Data segment ->
────────
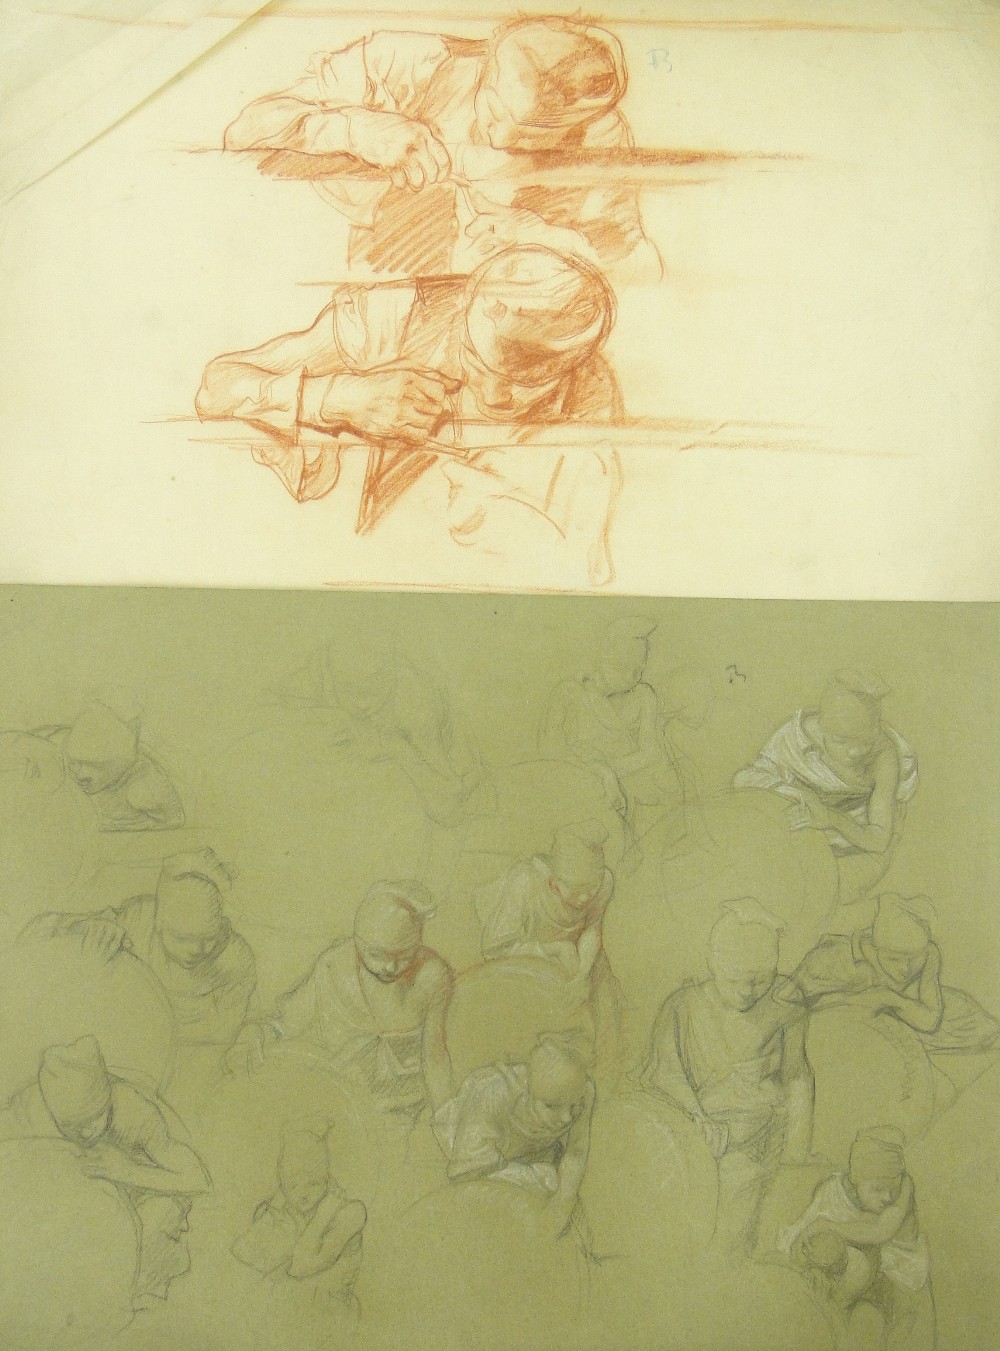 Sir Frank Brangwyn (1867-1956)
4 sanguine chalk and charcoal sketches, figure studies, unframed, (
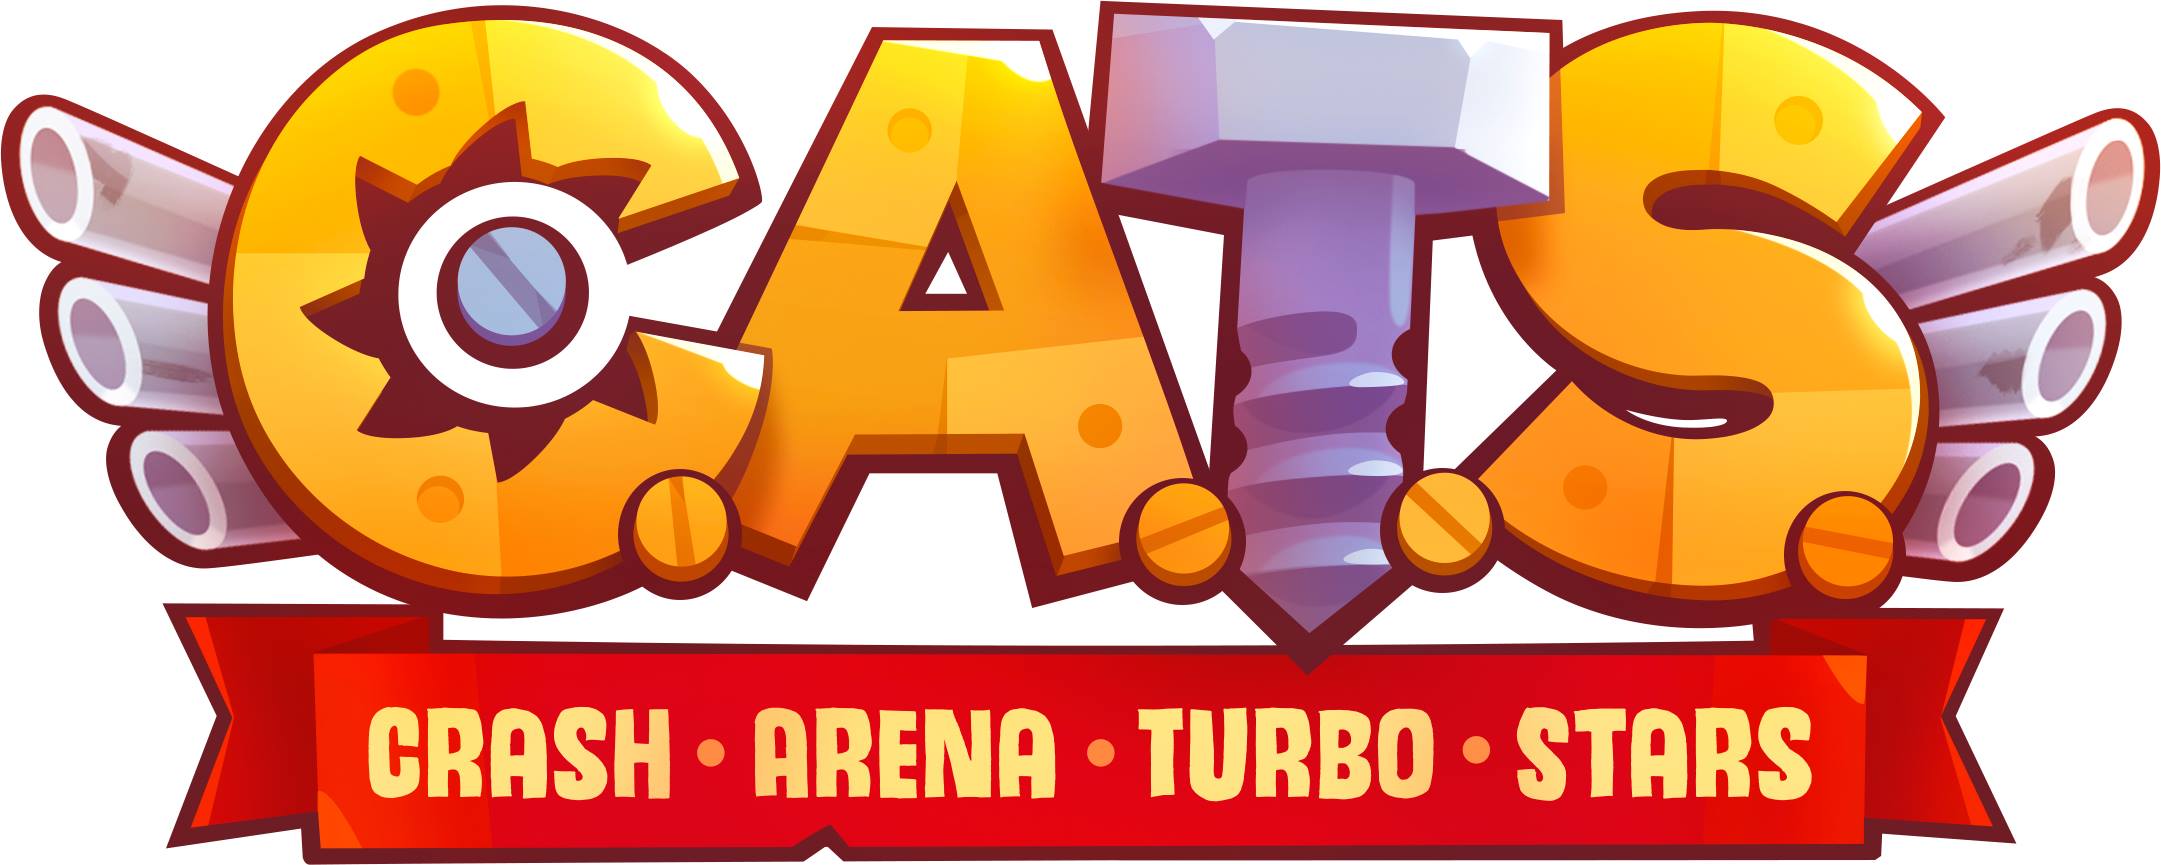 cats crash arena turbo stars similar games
────────
Task statement ->
Pictures are to be left out; repeat all the remaining data exactly.

Written response ->
 Sir Frank Brangwyn (1867-1956)
4 sanguine chalk and charcoal sketches, figure studies, unframed, (
 cats crash arena turbo stars similar games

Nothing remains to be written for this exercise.